Бывали моменты, когда ей казалось, что она на самом деле видит, как рот его растягивается в улыбку, видела ловкое, повелительное движение длинной, тонкой руки. Она видела это в мгновения более краткие, чем молния, и затем каждый ее мускул кричал от боли так громко, что ей казалось, что не одна она слышит это.
Но Лео писал ей.
Она читала его письма, стараясь вспомнить интонацию голоса, которым он произносил бы каждое слово. Она раскладывала вокруг себя все эти письма и сидела с ними в комнате, словно с живым человеком.
Он возвращался назад, вылечившимся, сильным, спасенным. Она жила восемь месяцев ради этой телеграммы. Она никогда не заглядывала дальше. Дальше этой телеграммы не было будущего.
* * *
Поезд из Крыма опаздывал.
Кира стояла на платформе неподвижно, глядя на пустые рельсы — две стальных полосы, которые превращались в медь где-то далеко впереди, в чистом, летнем закате. Она боялась взглянуть на часы и узнать то, чего она и страшилась больше всего: что поезд безнадежно, на неопределенное время, опаздывает. Платформа дрожала под скрипящими колесами тяжелого товарного состава. 1де-то в длинном стальном туннеле чей-то голос скорбно выкрикивал через ровные отрезки времени одни и те же слова, которые сливались и одно, словно птица выкрикивала в сумерках: «Гришка, толкай ее…» Чьи-то ботинки лениво, бесцельно прошаркали позади нее. На другой стороне женщина сидела на каком-то тюке, склонив голову. Стеклянные панели ангара над головой Киры становились какими-то уныло-оранжевыми. Тот же голос заунывно выкрикивал: «Гришка, толкай ее…»

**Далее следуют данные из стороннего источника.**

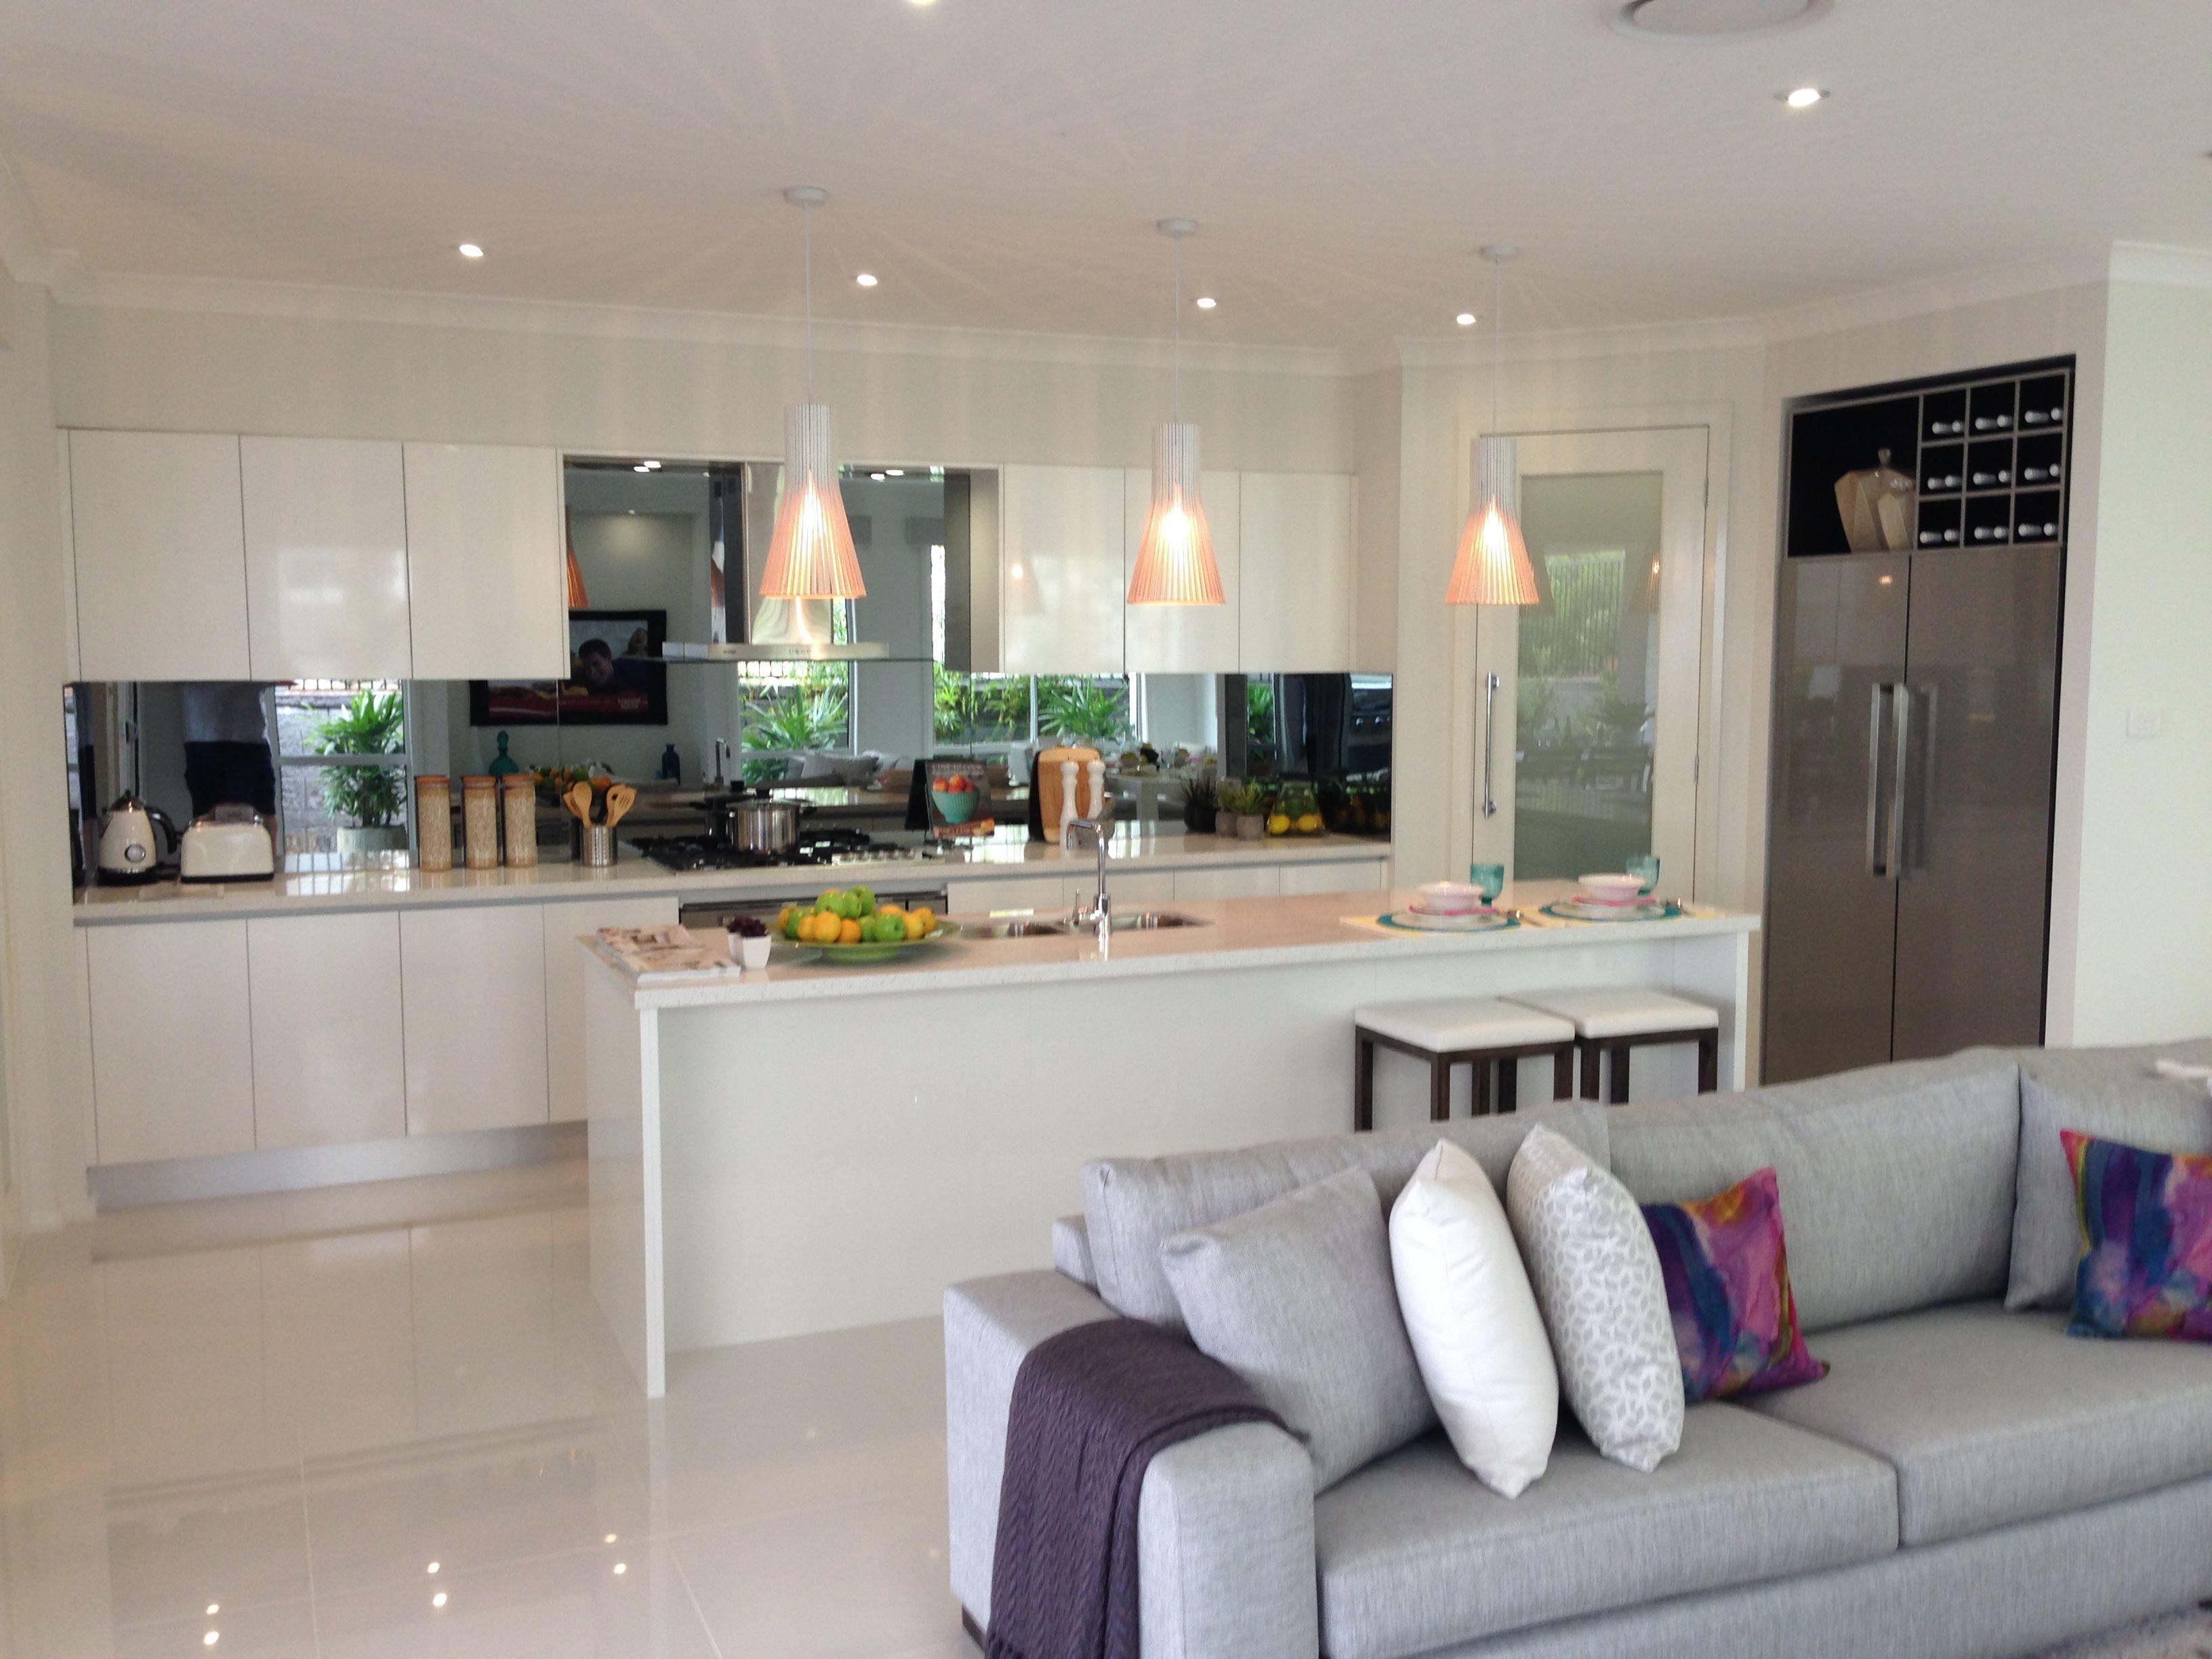 Mcdonald jones havana executive ideas for the house for Mcdonald jones kitchen designs

Когда Кира пришла в контору начальника вокзала, его помощник резко ответил, что поезд сильно опаздывает, что это — неизбежная задержка, недоразумение на каком-то узловом пункте; и поезд никак не придет раньше завтрашнего утра.

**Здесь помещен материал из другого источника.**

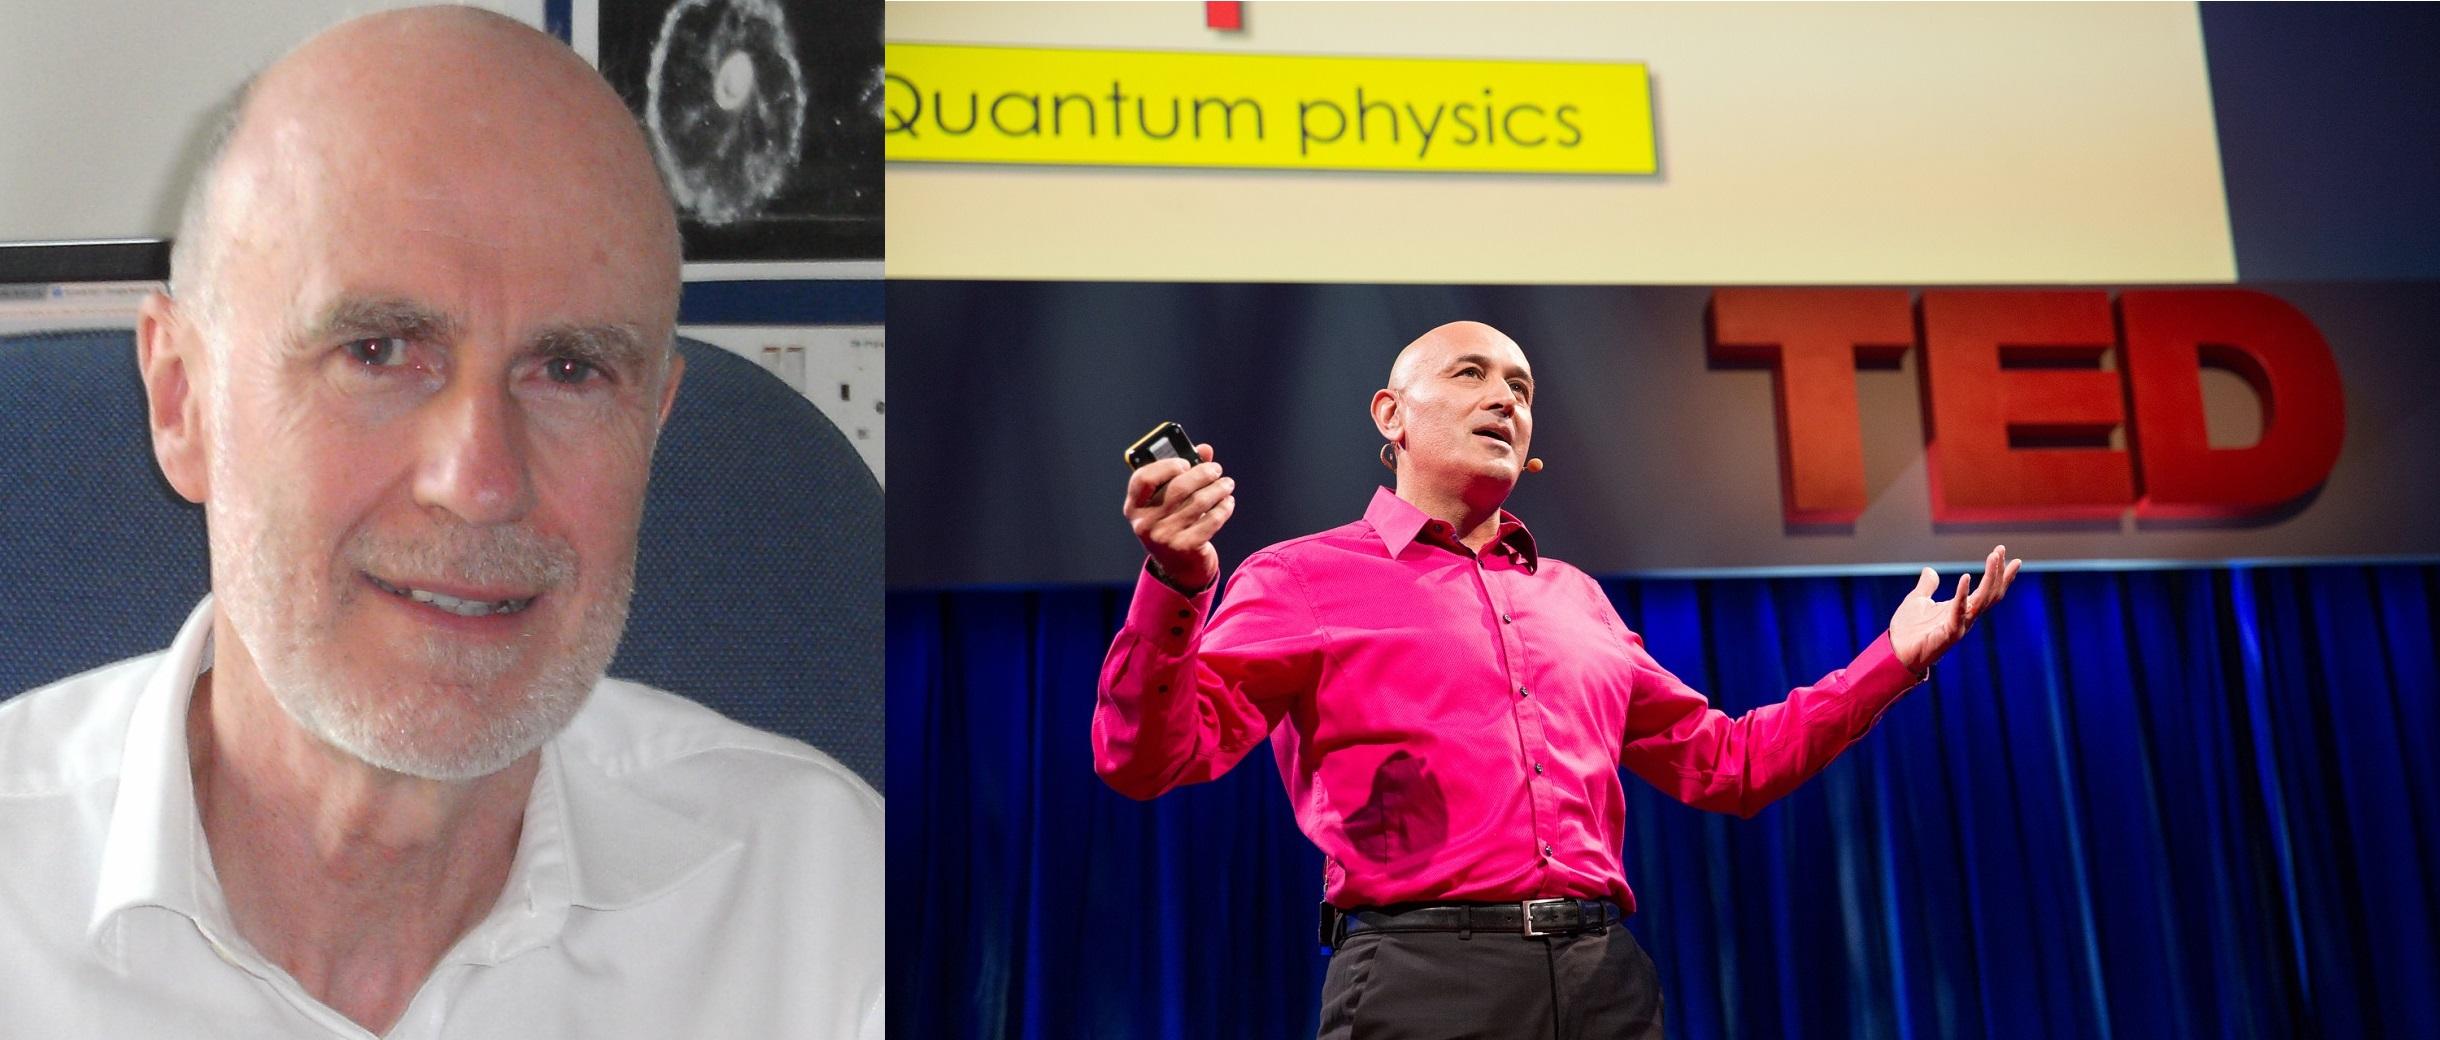 University of Surrey researchers Johnjoe McFadden (left) and Jim Al-Khalili (right) have become vocal advocates for quantum biology.   Johnjoe McFadden/Wikipedia  (CC BY 3.0);  James Duncan Davidson, TED/Flickr  (CC BY NC 2.0)

Она еще немного постояла на платформе бесцельно, не желая уйти с того места, где она так живо почувствовала присутствие Лео. Потом она медленно пошла прочь, спустилась по лестнице; ее руки совсем обессилели, ноги неуверенно задерживались на каждой ступеньке.
Далеко внизу, в конце улицы, небо разлилось плоской полосой яркого, чистого, неподвижного желтого цвета, как пролитый желток яйца, и улица казалась коричневой и широкой в теплых сумерках. Она медленно пошла прочь.
Она увидела знакомый угол, прошла мимо, затем вернулась и пошла в другом направлении, к дому Дунаевых. Этот вечер нужно было чем-то заполнить.
Дверь открыла Ирина. Ее волосы были растрепаны, но на ней было новое платье из батиста в белую и черную полоску, и ее усталое лицо было аккуратно напудрено.
— Кира! Вот это да! Какой сюрприз! Входи. Снимай пальто. Я тебе что-то — кого-то сейчас покажу. А как тебе нравится мое новое платье?
Кира вдруг засмеялась. Она сняла пальто: на ней было точно такое же платье из черно-белого батиста.